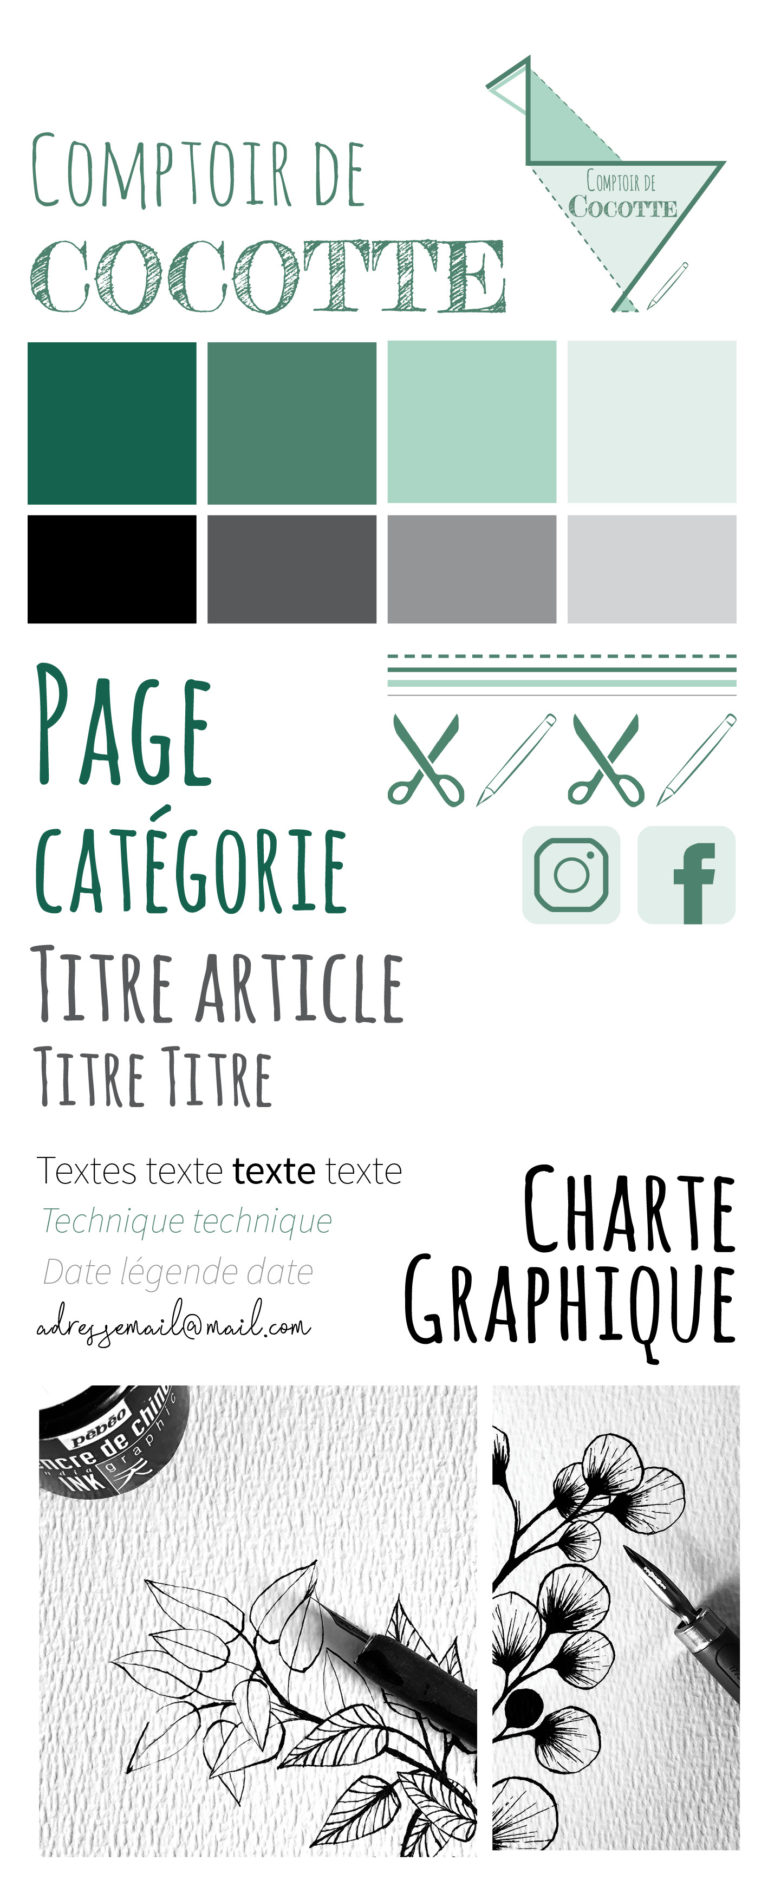 Charte Graphique Comptoir de Cocotte
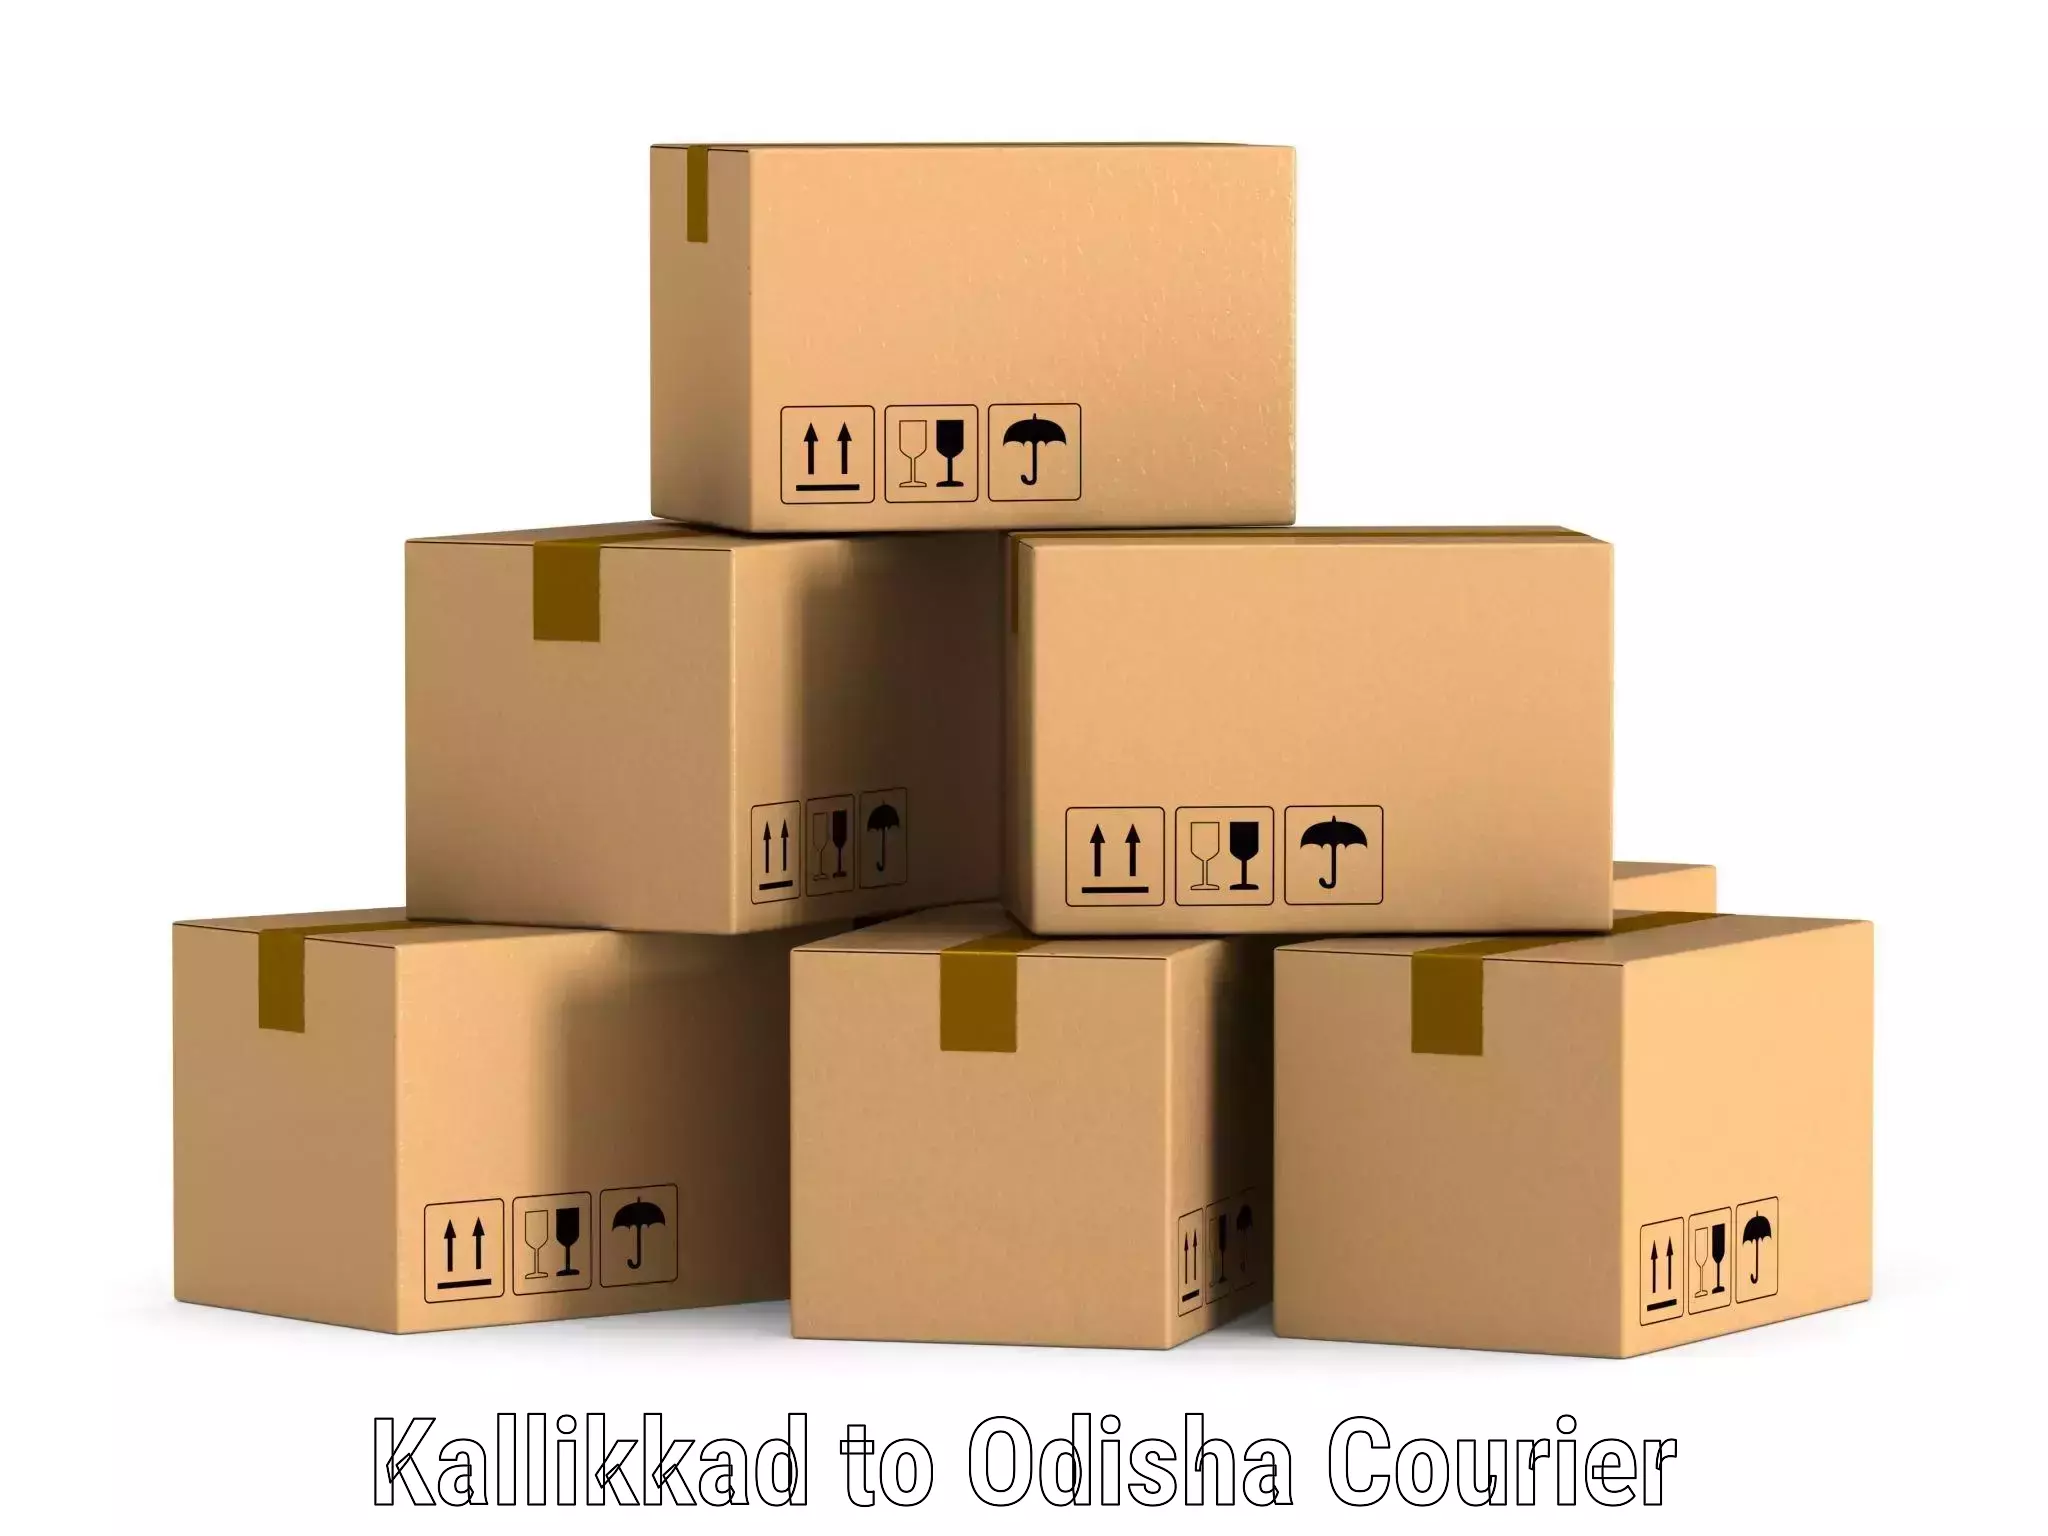 High-speed parcel service Kallikkad to Baripada
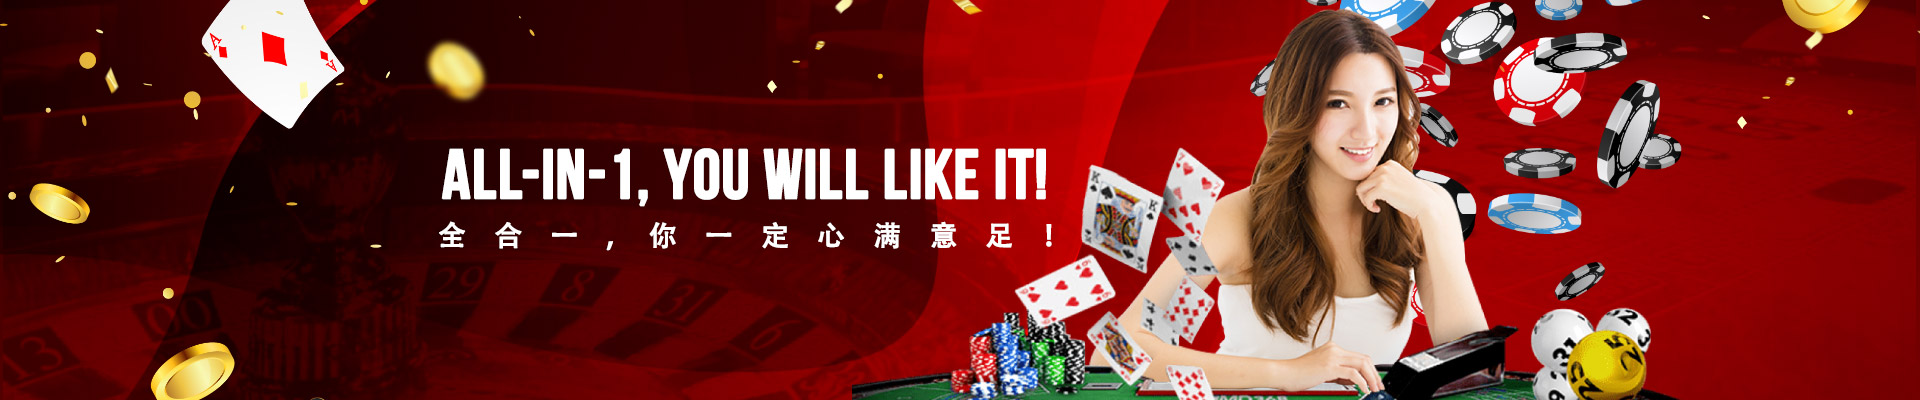 https://ibw2u.com/data/1900/aimg/banner-casino-02.jpg
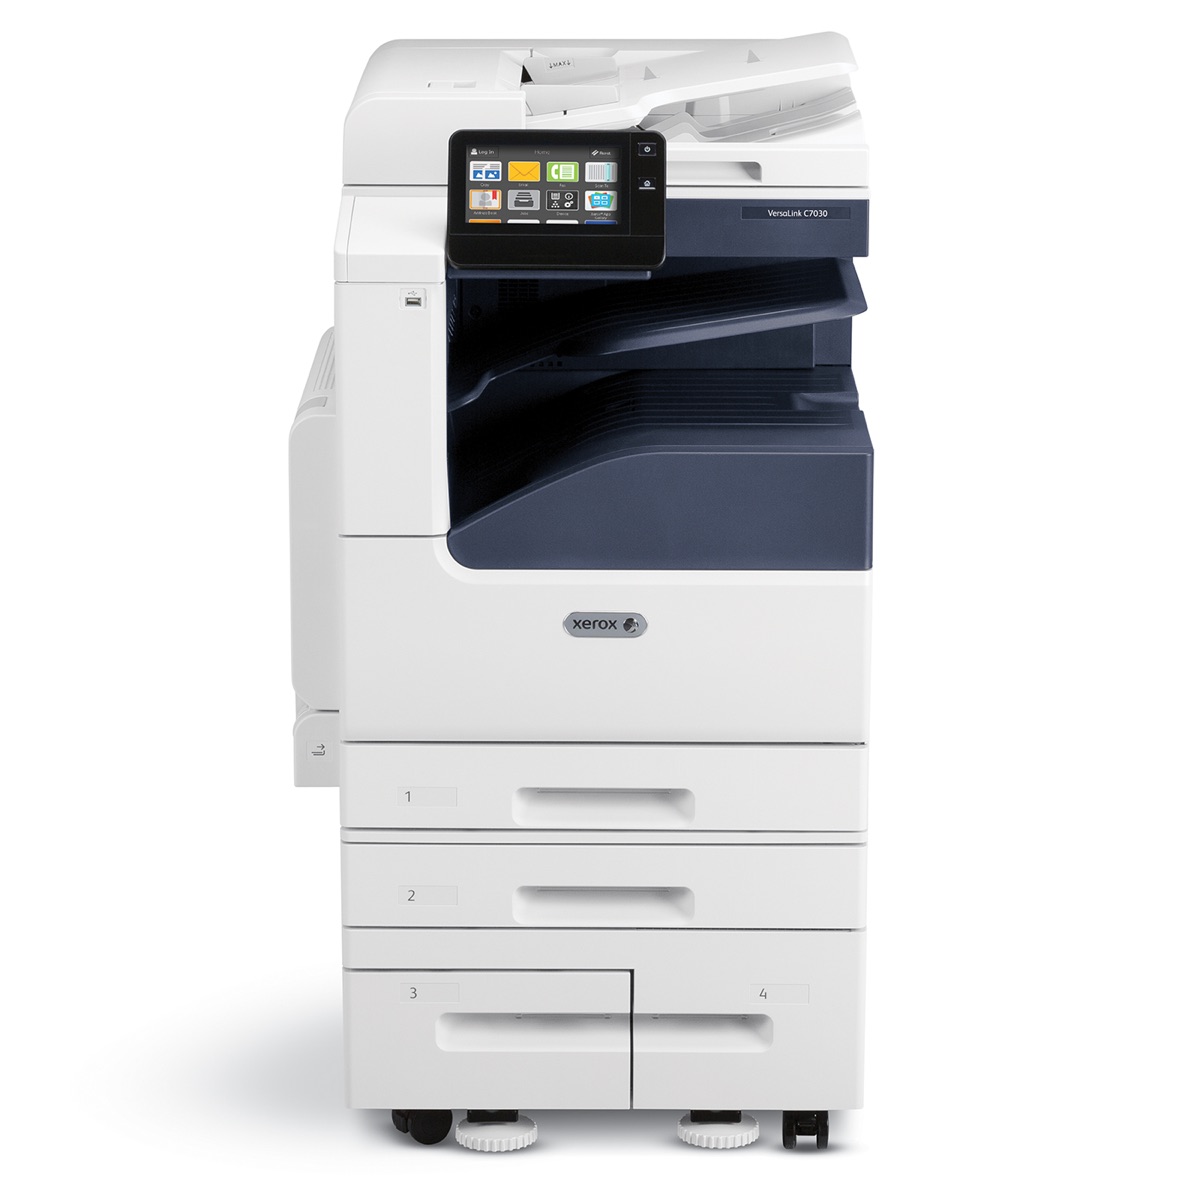 Xerox Copiers:  The Xerox VersaLink C7030/DS2 Copier
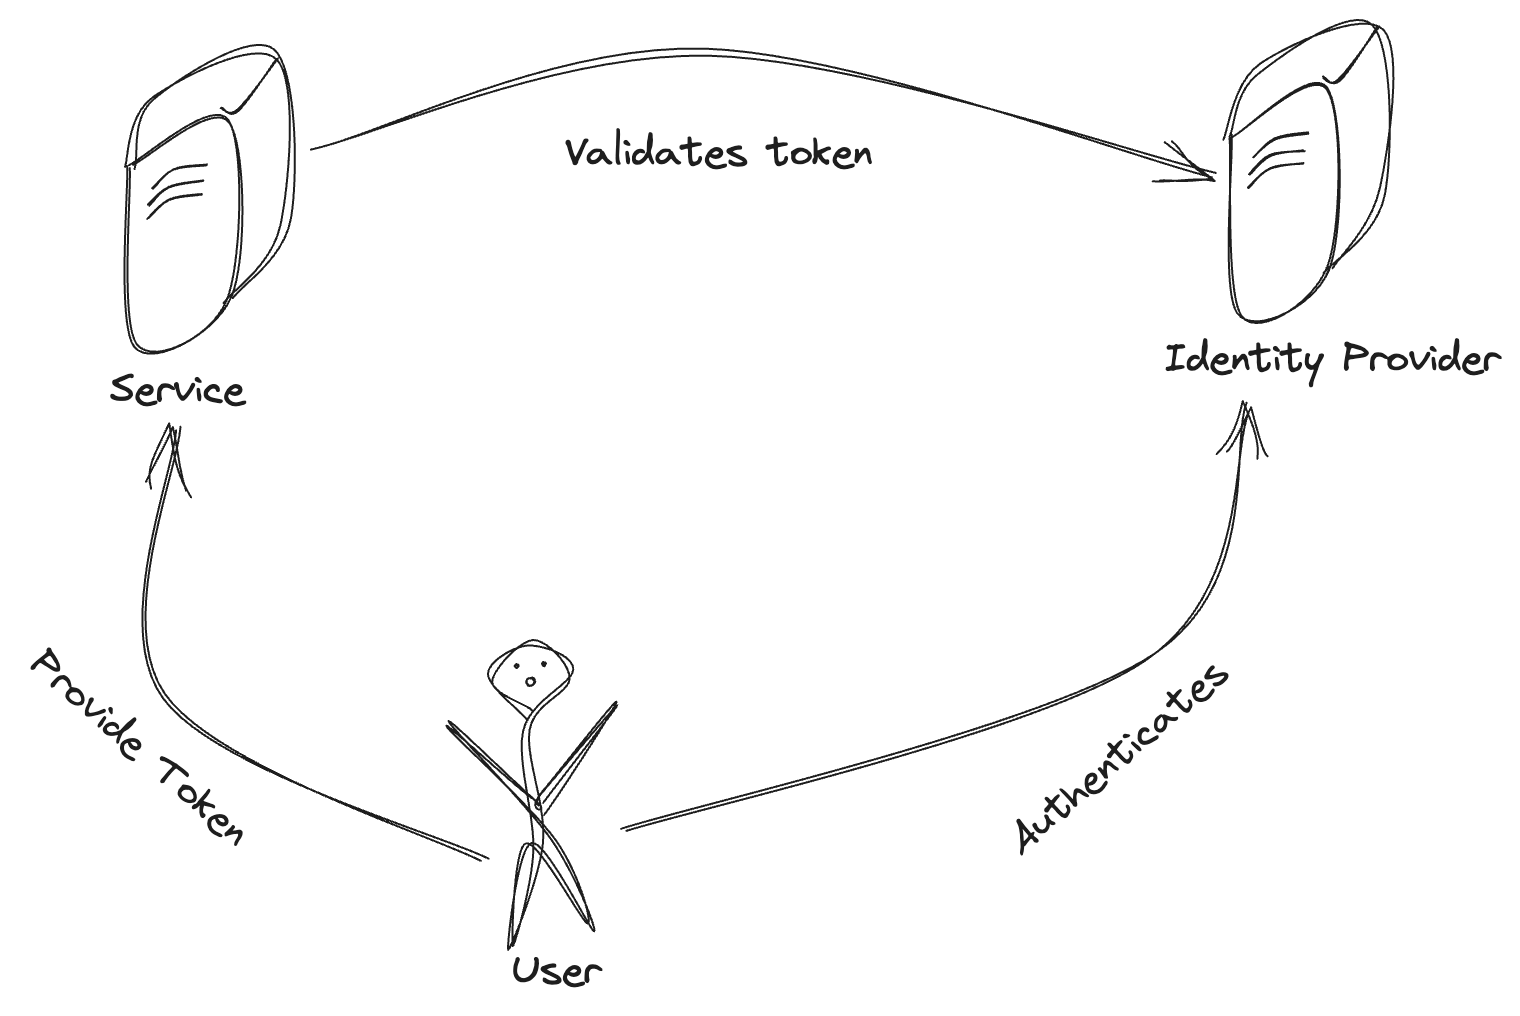 Diagram 2

**What you have to do**
From the line with "VersaLink C7030/DS2 Copier" through the last line of the entries above, transcribe everything exactly, both ends included, but not the pictures.

**Solution to the problem**
 Xerox Copiers:  The Xerox VersaLink C7030/DS2 Copier
 Diagram 2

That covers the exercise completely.